START RECORDS PROVIDED

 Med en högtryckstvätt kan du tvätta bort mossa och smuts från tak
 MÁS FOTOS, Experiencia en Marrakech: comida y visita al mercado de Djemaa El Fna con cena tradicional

END RECORDS PROVIDED
START RECORDS PROVIDED

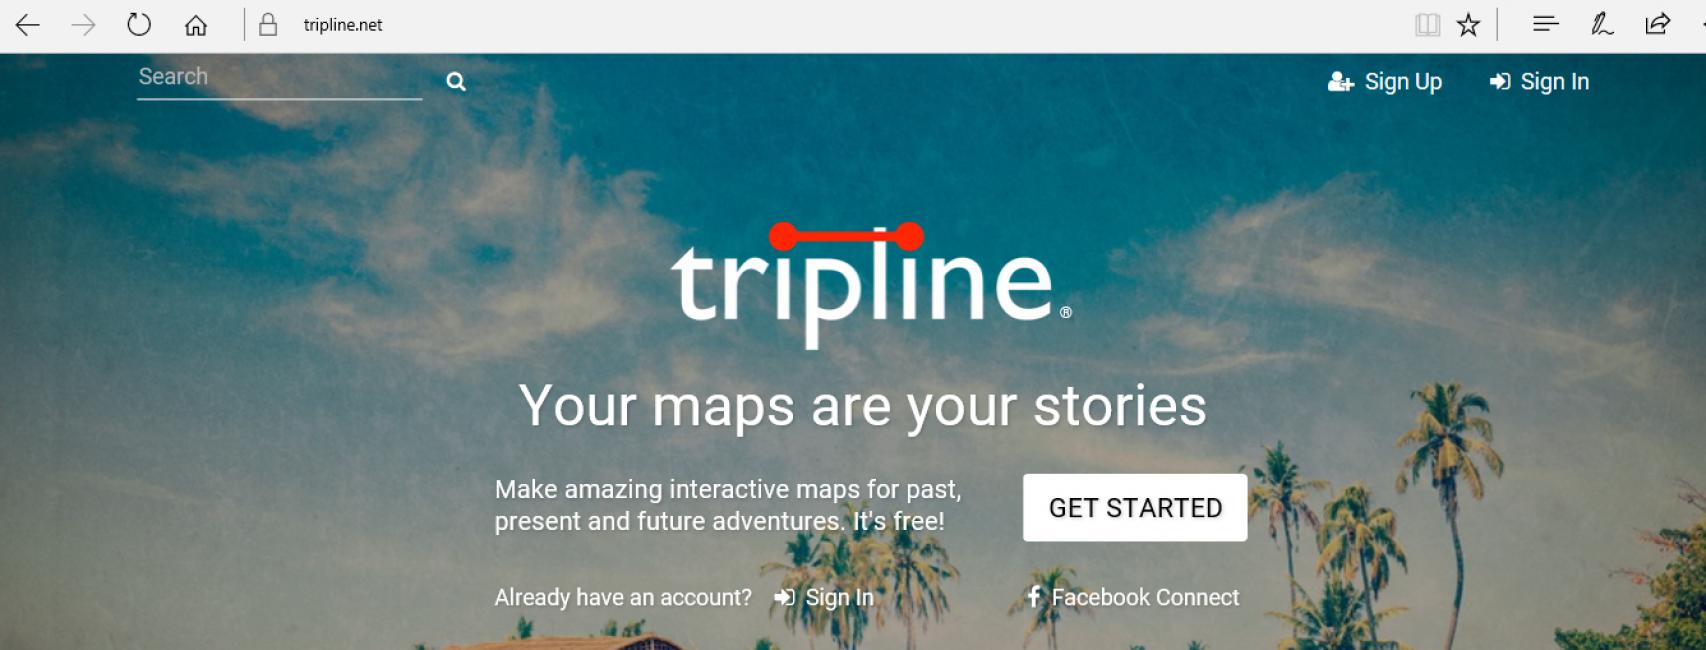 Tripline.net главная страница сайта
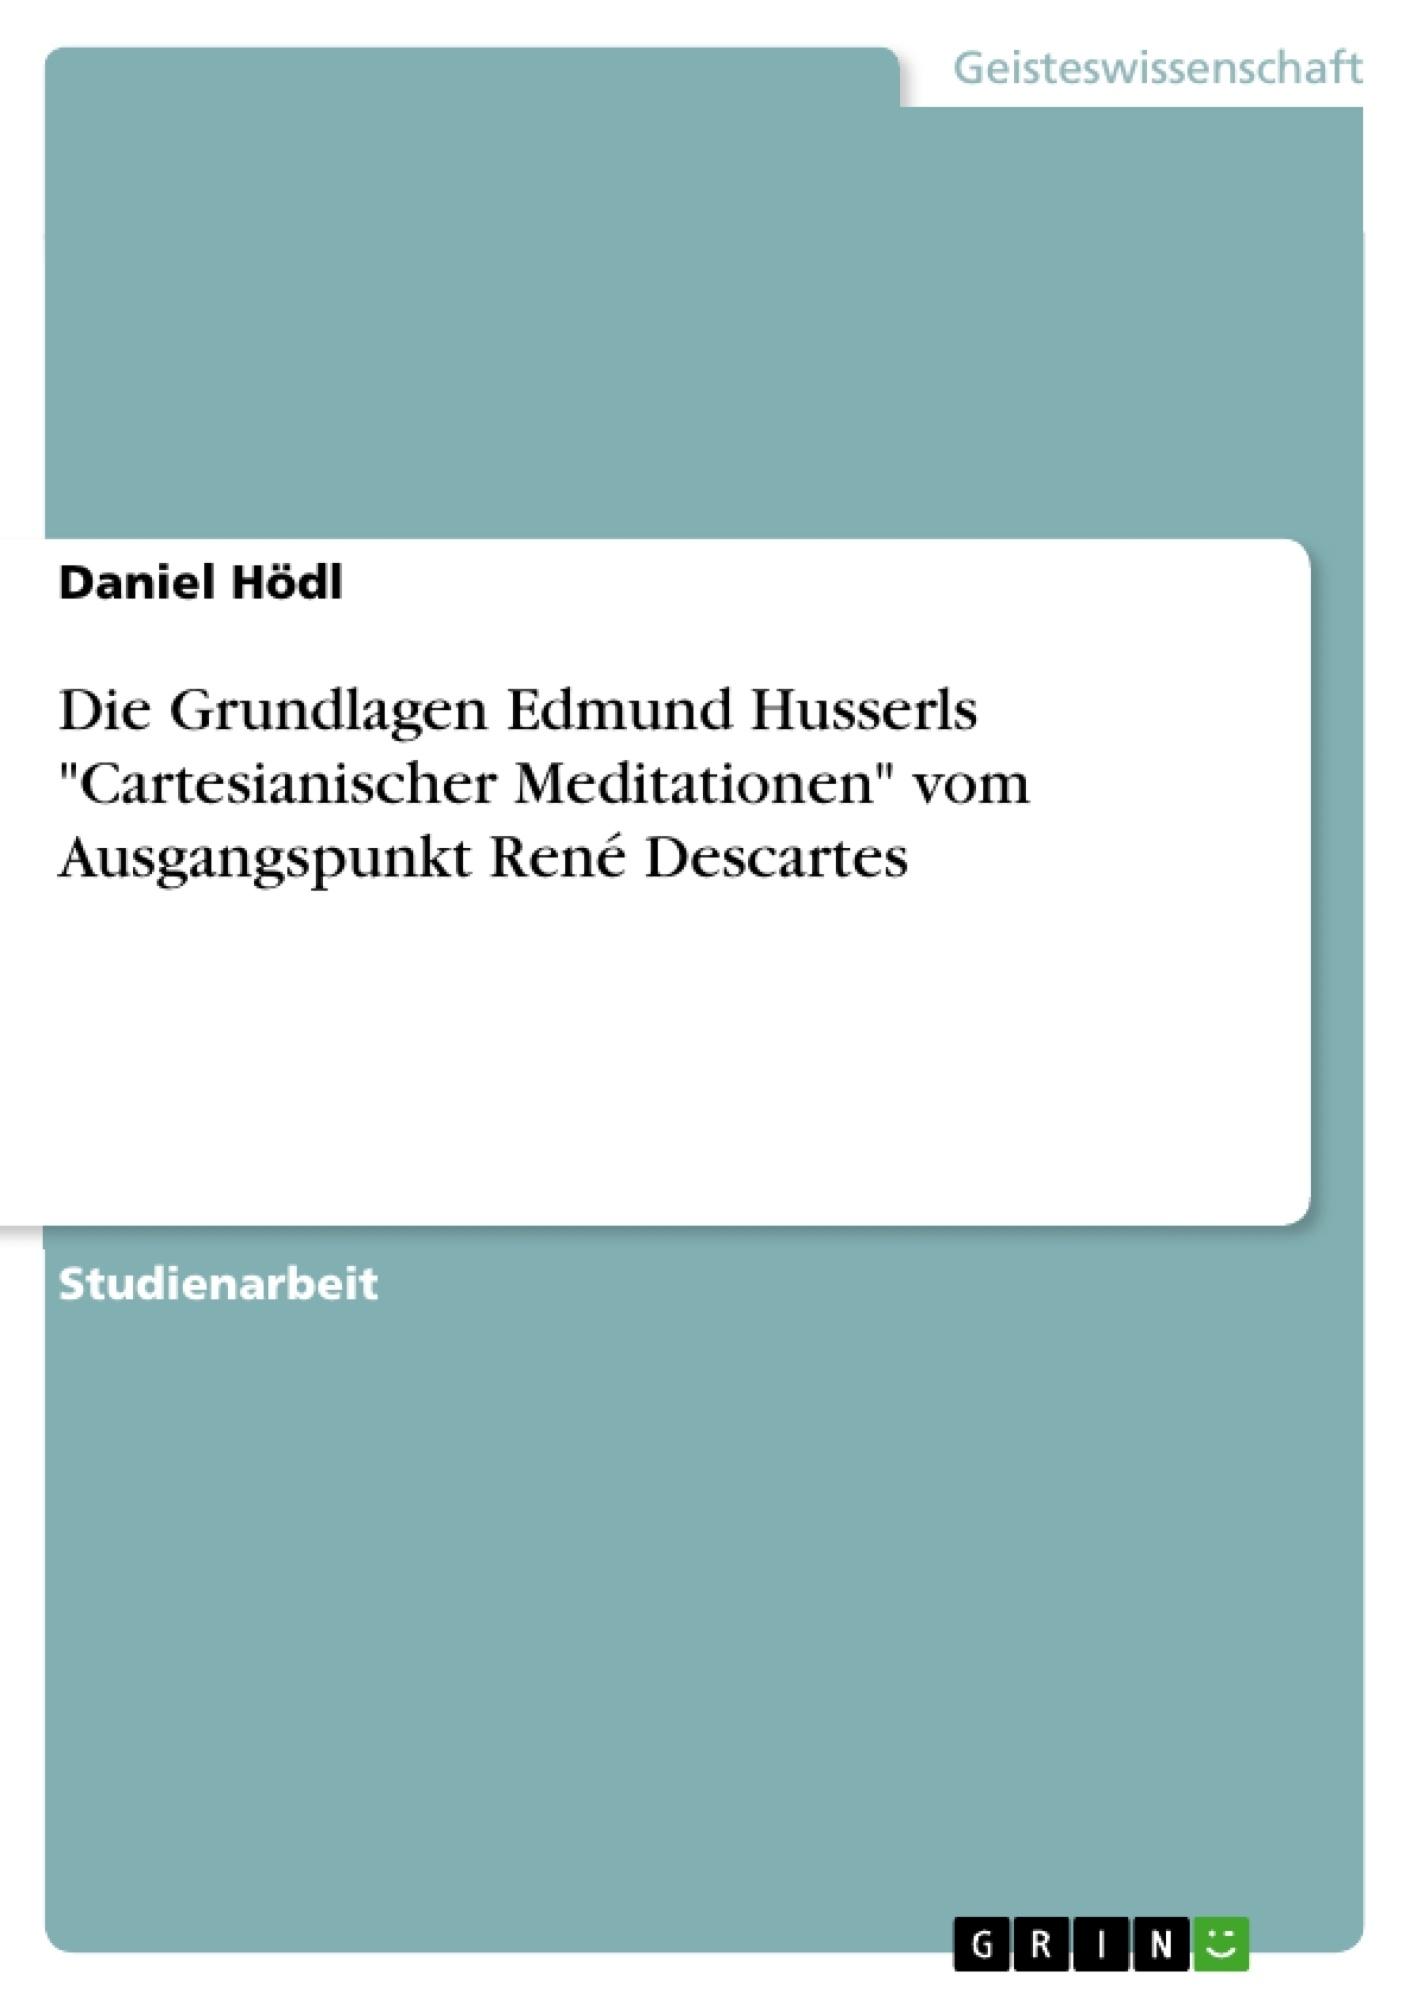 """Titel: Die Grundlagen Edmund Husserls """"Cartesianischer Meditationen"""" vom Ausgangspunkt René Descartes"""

END RECORDS PROVIDED

ASSIGNED TASK »
Taking the listing above as the source, transcribe only the lines starting at the line with "Med en högtryckstvätt" and going through the line with "MÁS FOTOS, Experiencia", unaltered and with both ends included.

EXERCISE ANSWER »
 Med en högtryckstvätt kan du tvätta bort mossa och smuts från tak
 MÁS FOTOS, Experiencia en Marrakech: comida y visita al mercado de Djemaa El Fna con cena tradicional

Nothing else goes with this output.